For many people, America’s first naturalist and philosopher, Aldo Leopold, a New Mexican and most important advocate for the creation of the Gila Wilderness, gave voice to ideals of public lands in what he called the “land ethic.” Leopold’s ethical philosophy deals with “human’s relation to land and to the animals and plants which grow upon it.” His view has been called “ecocentric” and “holistic.” It sees humanity as part of the natural system and not estranged from it, or in a position of dominance over it.
“A thing is right,” Leopold wrote, “when it tends to preserve the integrity, stability, and beauty of the biotic community. It is wrong when it tends otherwise.” He further defined this view, saying the “land ethic simply enlarges the boundaries of the community to include soils, waters, plants, and animals or collectively: the land … land ethic changes the role of Homo sapiens from conqueror of the land community to plain member and citizen of it. It implies respect for his fellow members, and also respect for the community as such.” Native Americans and Hispanic farmers and ranchers in New Mexico say they invented the land ethic and have been following it for centuries. And many of us look to them increasingly for guidance.
Trump’s reduction of national monuments, and the opening of public lands for logging and drilling, harken back to the days when the land itself was looked upon as merely an object of wealth, as an entitlement of hereditary endowment, as a kind of carcass to be cut up and rendered into money, as something to take and use, to steal and plunder if you could, not as the very body of health and vigor for all life on the planet, including ourselves.

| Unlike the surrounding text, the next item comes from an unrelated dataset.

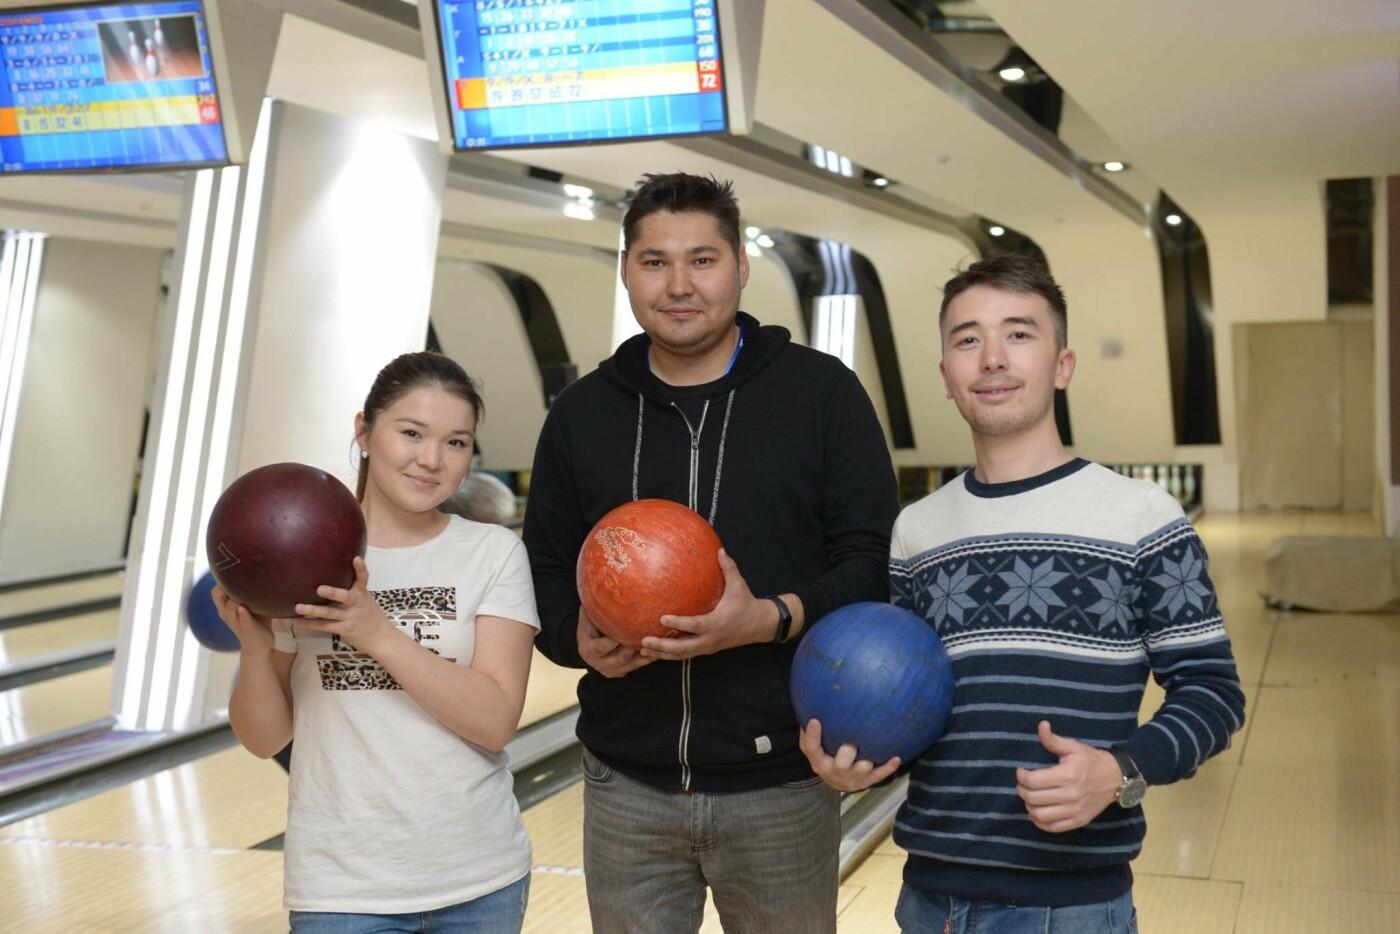 II турнир по боулингу среди журналистов прошел в Алматы (ФОТО), фото-17

What Trump and the Republicans did two weeks ago was so retrograde, so backward looking, so regressive it’s the ecological equivalent of being plunged into a Medieval mindset in which the electric light might be seen as the work of the devil.
And we can do little about it but stall in the courts of law until politics becomes once again, for those who love the land, not an ugly necessity but an honorable and even gallant calling to the good.
*Nullius in verba: take nobody’s word for it
(Image derived from photo by Bureau of Land Management)
Margaret Randall says
This is such a many-layered issued, and I’m glad you allude to our having taken land from Native Americans in the first place and then encroaching upon the Spanish land grants. In our current geographical configuration, though, the public lands do belong to us all. And government usurpation doesn’t only rob us of beautiful places to contemplate and hike. When corporations are allowed to drill for oil, mine for coal and engage in damaging fracking, the dangers exceed those land grabs to threaten ancient cultures, ecosystems and wildlife way beyond their borders. Vigilance is needed because once the land goes it’s so much harder to get it back.